Two weeks. Take out a small piece of the old media from the old filter and put it in the new. After the two weeks(if you actually want this to be "seamless"...it won't be completely but as close as possible) start taking out the old filter media about 20% at each time you do it over two more weeks. The filters will develope equal amounts of bio bacteria at first. Taking out small amounts will force the new one to grow additional bacteria till it has the full amount needed when you remove the old filter on the last time you take some of the media out but instead just remove the filter.
I had a high stocking level in a tank and removed 20% of the media once to rinse it and forgot to put it back as I got distracted. By the next day I had several dead shrimp.


----------



## Diana (Jan 14, 2010)

Ditto Raymond: 
If you can share any media that will instantly transfer the bacteria. 
By removing the Tetra media a little each week for several weeks the transition will be as smooth as possible.


----------



## BBradbury (Nov 8, 2010)

*Switching Filters*



goodbytes said:


> I've replaced my old Tetra 30/60 HOB with an Aqua Clear 70 and I've got them both running now so I can seamlessly transition from the Tetra to the Aqua Clear.
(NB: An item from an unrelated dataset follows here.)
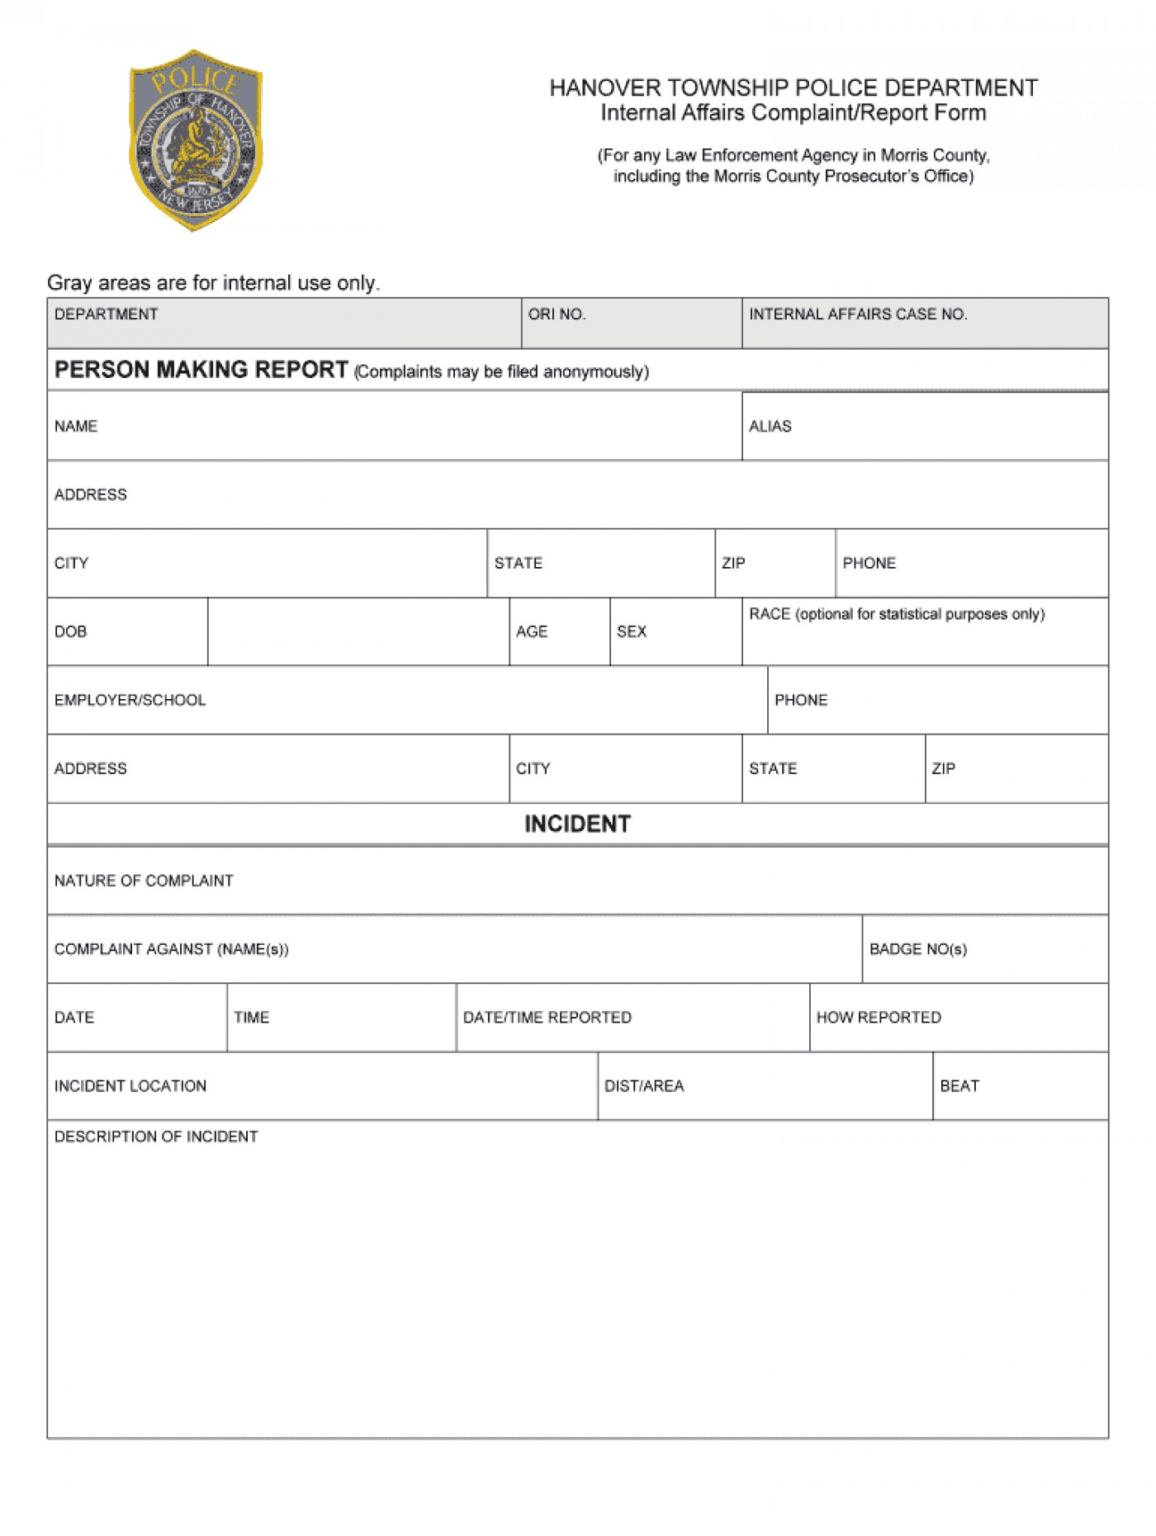 001 Blank Police Report Template Large Fantastic Ideas Free With Blank

How long do you think it would take for the new filter to colonize so I can remove the old one?


Hello good...

Run them both for a couple of weeks. Then, you can remove the old filter. You have plenty of back up bacteria on the surfaces inside the tank. What you remove when you take away the old filter will reproduce to former levels in a few hours.

B


----------



## Diana (Jan 14, 2010)

> ... will reproduce to former levels in a few hours


No, they won't. Nitrifying bacteria are slow growing compared to many other bacteria.


----------



## Briggadane (Apr 28, 2014)

Keep in mind, you got the answer to the question you asked. I suspect you really want to know: how can I quickly seed my new filter so I can remove the old one ASAP. 
&#55357;&#56841;


----------



## goodbytes (Aug 18, 2014)

Briggadane said:


> Keep in mind, you got the answer to the question you asked. I suspect you really want to know: how can I quickly seed my new filter so I can remove the old one ASAP.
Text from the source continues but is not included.